Asia shares falter as markets await US jobs data

Asian shares slipped on Friday, ahead of key U.S. employment data later in the session that was expected to add to the case for a Federal Reserve interest rate hike as early as next month.

By: | Tokyo | Updated: November 6, 2015 12:43 PM
china stock market

Asian shares slipped on Friday, ahead of key U.S. employment data later in the session that was expected to add to the case for a Federal Reserve interest rate hike as early as next month. (Reuters)

Asian shares slipped on Friday as investors braced for U.S. employment data that is expected to bolster the case for a Federal Reserve interest rate increase as early as next month.

European stocks were set to be little changed on the open, with financial spreadbetters expecting Britain’s FTSE 100 to start the day flat to 0.2 percent higher, Germany’s DAX to see a possible fall or gain of 0.1 percent, and France’s CAC 40 to open flat to slightly weaker.

MSCI’s broadest index of Asia-Pacific shares outside Japan edged down about 0.4 percent at 0620 GMT, though it remained on track for a 0.8 percent weekly rise.

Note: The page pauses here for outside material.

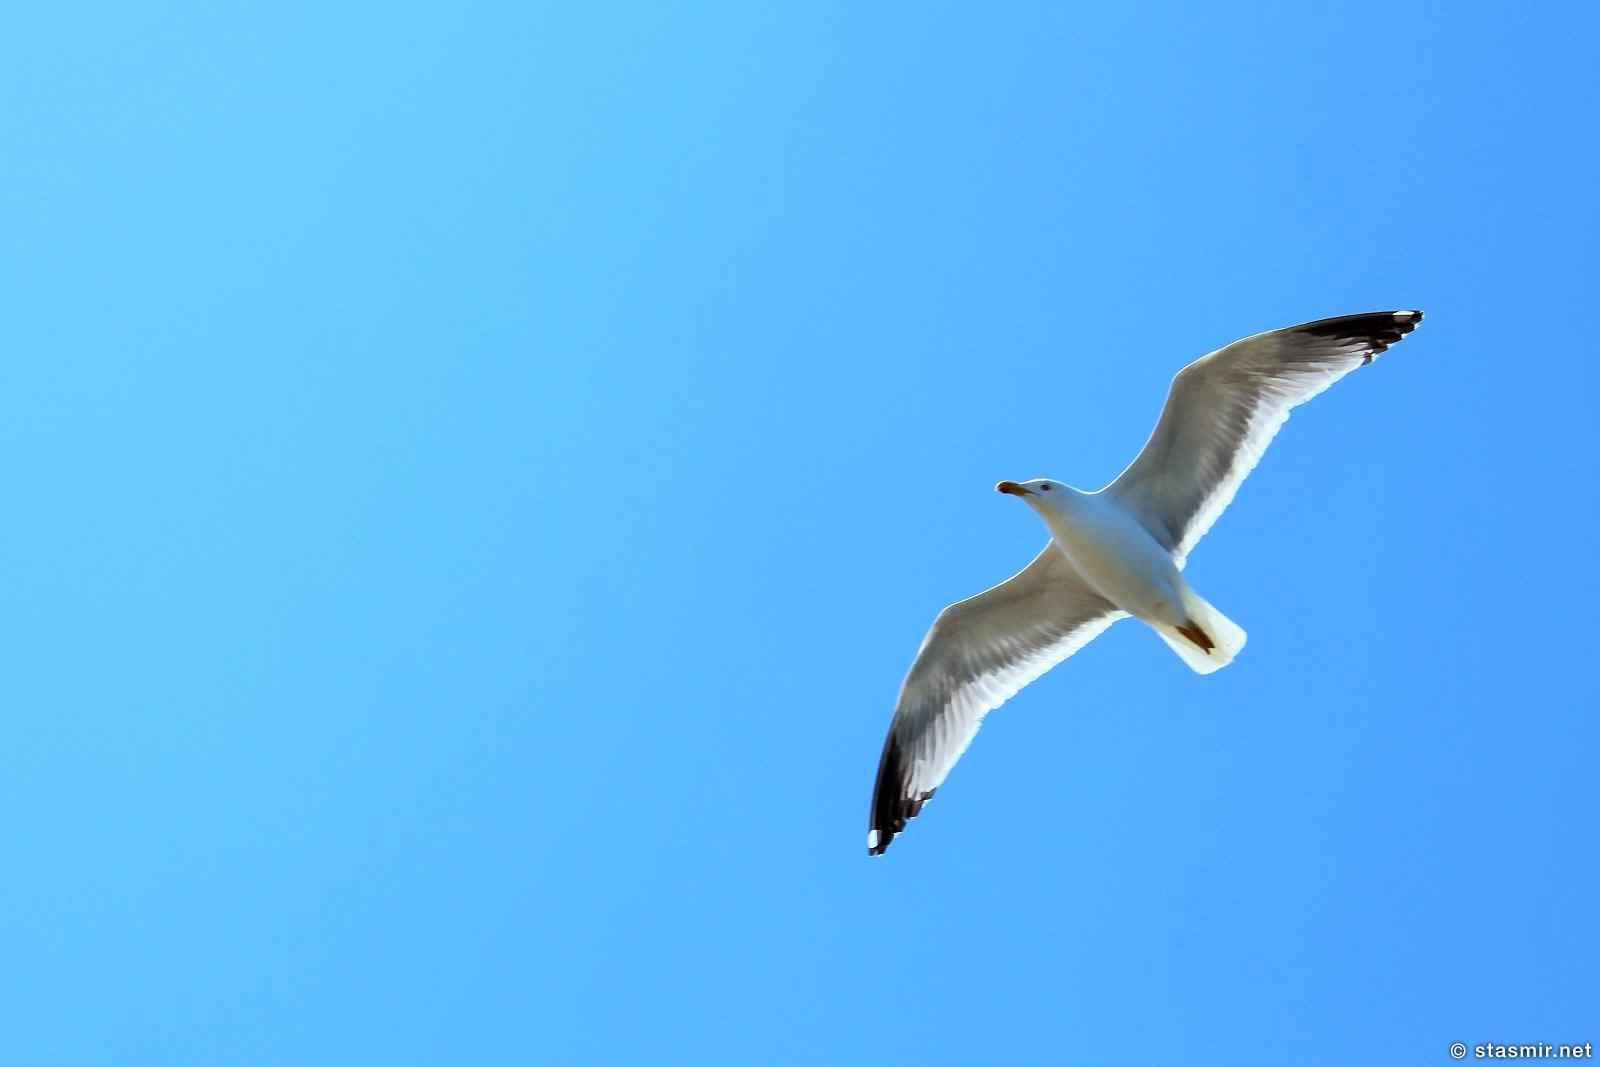 Чайка, Mávurinn, seagull, реет чайка, фото Стасмир, Photo Stasmir

Japan’s Nikkei closed up 0.8 percent, ending the week up almost 1 percent. The Shanghai Composite extended earlier gains to climb almost 2 percent, putting it on track for a jump of 6.2 percent for the week.

Wall Street marked modest losses after a mixed spate of earnings, as investors awaited the non-farm payrolls report later this session.

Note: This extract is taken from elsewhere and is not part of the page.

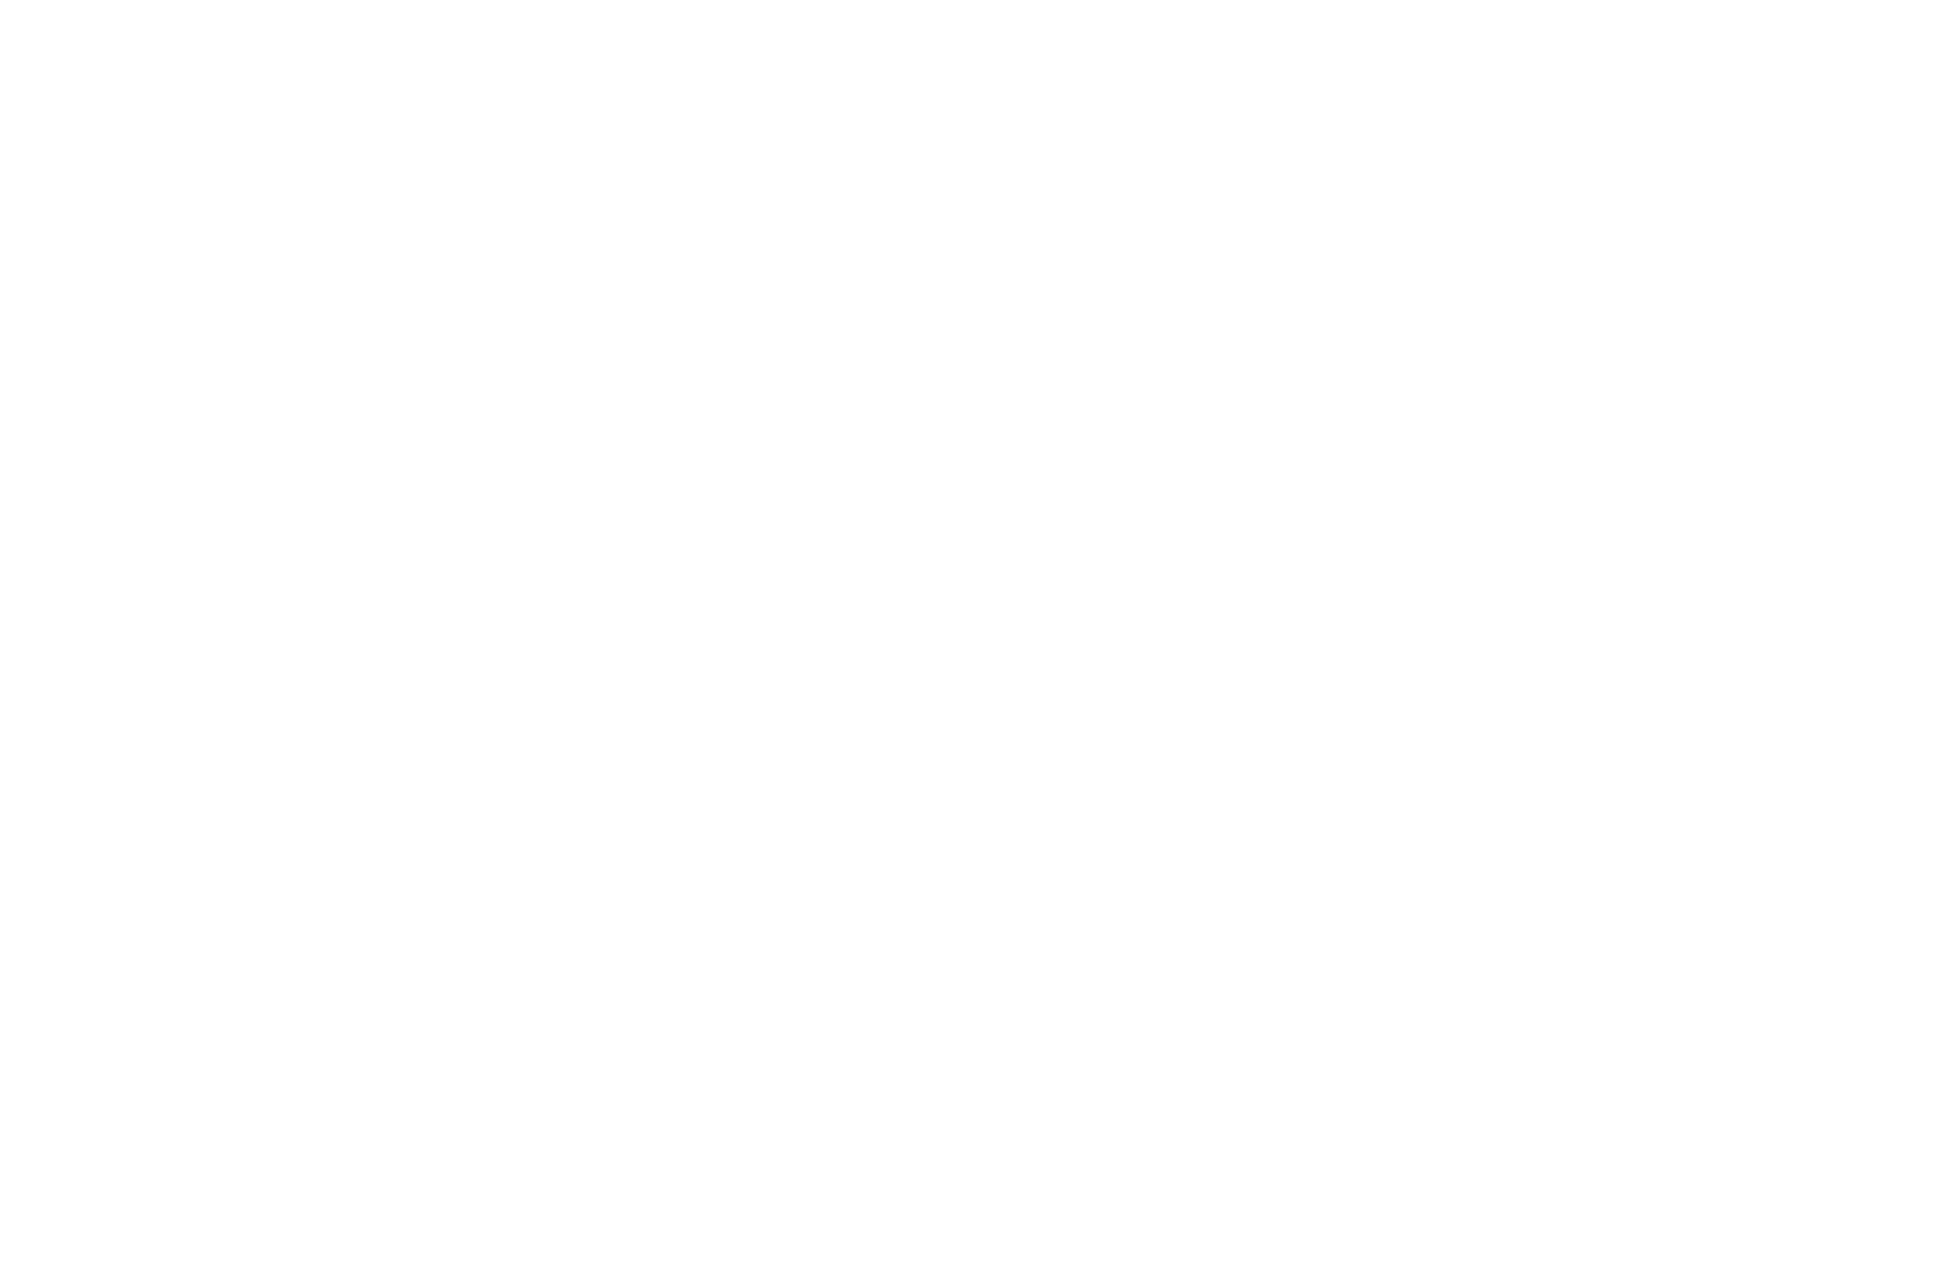 Bowery Film Festival Best Episodic Spring 2019

“This is a big piece of data as to what the Fed is looking for,” said Scott Colyer, chief executive officer of Advisors Asset Management in Monument, Colorado. “I think everybody wants them to move or not move. The month-to-month stuff is killing everybody.”

On Thursday, U.S. interest rates futures implied traders saw a 58 percent probability of a rate increase in December, according to CME Group’s FedWatch program, while U.S. two-year Treasury yields hit their highest levels in 4-1/2 years.

Economists expect the report to show that U.S. employers added 180,000 jobs in October, more than September’s increase of 142,000 jobs.

New U.S. applications for jobless benefits last week recorded their biggest increase in eight months, but remained above the threshold associated with a healthy labour market.

“We’re a little below consensus,” said Jennifer Vail, head of fixed-income research at U.S. Bank Wealth Management in Portland, Oregon.

But based on recent comments from central bank officials, “it looks as if as long as we hit a 150-number, the Fed will think it’s consistent with labour tightening,” she said, adding that U.S. yields and futures were increasingly showing expectations for a December hike.

Fed Chair Janet Yellen and New York Fed President William Dudley said this week that the U.S. was ready for higher interest rates if upcoming economic data justified them.

Higher yields and rising expectations of a December rate hike lifted the dollar index, which last stood at 98.003, a touch lower than a three-month peak of 98.135 scaled overnight.

The dollar held steady at 121.84 yen after touching a 2 1/2-month high of 122.01 on Thursday, while the euro was also little changed at $1.0880 after dropping to a nadir of $1.0834, its lowest level in more than three months.

The stronger dollar added further pressure to crude oil futures, which were already dragged down by oversupply concerns.

U.S. crude edged up about 0.6 percent to $45.49 a barrel, after falling over 2 percent in the previous session. It was still on track to lose 2.4 percent for the week.

Other commodities also struggled, with London copper sliding to its lowest level in a month overnight. While it recovered 0.7 percent to $5,044 a tonne, it was still set to end the week 1.3 percent lower, its third consecutive weekly loss.

Spot gold recovered to $1,109.4 an ounce from an eight-week low on Thursday, on track for a 2.8 percent loss for the week.